We returned to our homes on Sunday evening, exhausted from a full weekend of learning, and most importantly, building relationships. Homework of course waited until Sunday night, but in my opinion, taking the time to get to know those I’m traveling with better is always worth a little less sleep. We do not have much longer with our host families, so we’re trying to soak in as much as we can about our environments and really be present during our time here. Personally, it will be difficult to say good-bye to my family, and most of the group is experiencing those sentiments as well. We are studying in Guatemala City for only one more week, and by next Thursday, we will all head our separate ways for a week of free travel. I feel I have learned a ton of Spanish, more than I imagined I could in this time, but my mind is also ready for a break and a time of relaxation. We are all looking forward to what the rest of the trip has to offer.

-Karisa Martin

 


Sun, Stars, Beauty and Silence in Petén

2 March 2015
This past week, most of the group’s attention was on our Thursday midterm exams. Everyone was very relieved when they were over. We also had a birthday to celebrate, which helped lift moods. The leaders even got a piñata, pizza and cake. Everyone spent the night at CASAS because we were leaving early the next morning. Though celebrations are fun, most were happy they had gone to bed early when we left at 4:30 a.m. for Tikal.

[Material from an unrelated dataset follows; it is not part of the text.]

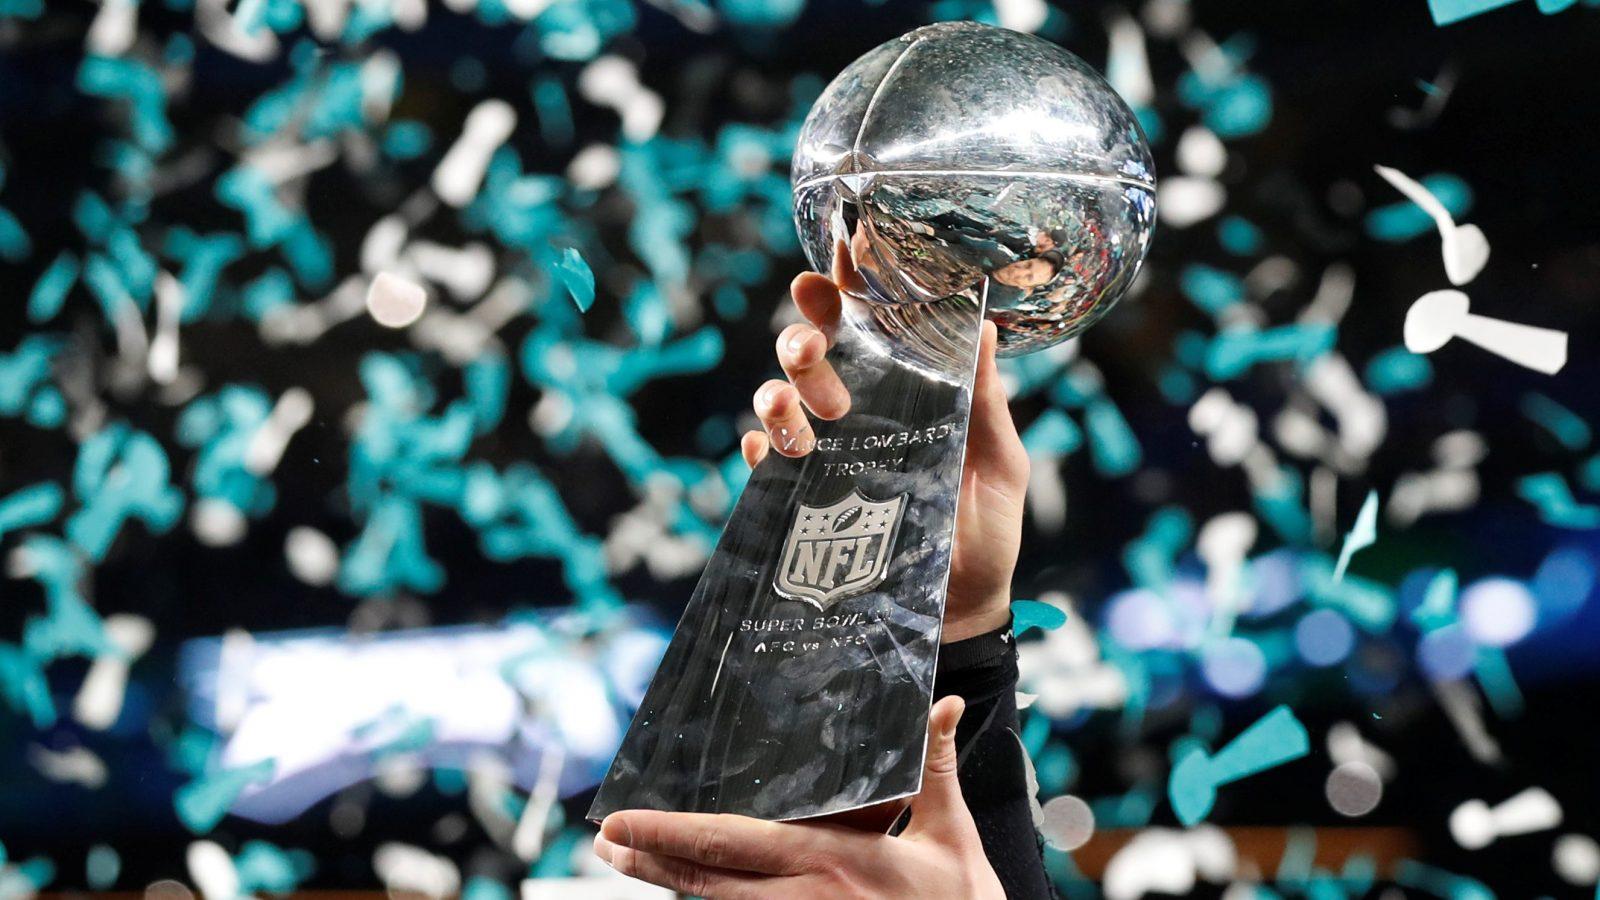 Guía para saber de futbol americano y disfrutar el Super Bowl sin ser experto

The Tikal weekend was a major highlight of the trip for many of the students. We flew in a small plane into Flores. Flores is a city in Petén, a densely forested, hot and humid region of northern Guatemala that takes up about one third of the country. As soon as we landed we got on a bus that drove us to Tikal. The ancient city of Tikal once housed Mayan royalty and many travelers from all reaches of Central America. Now it is a park where people can come to see and learn about the ancient ruins. One of the most famous ruins, seen behind the group, is called the Jaguar Temple because there was a statue of a jaguar at the top. Unfortunately we did not get to climb it, but we did climb all the other ones that we were permitted to.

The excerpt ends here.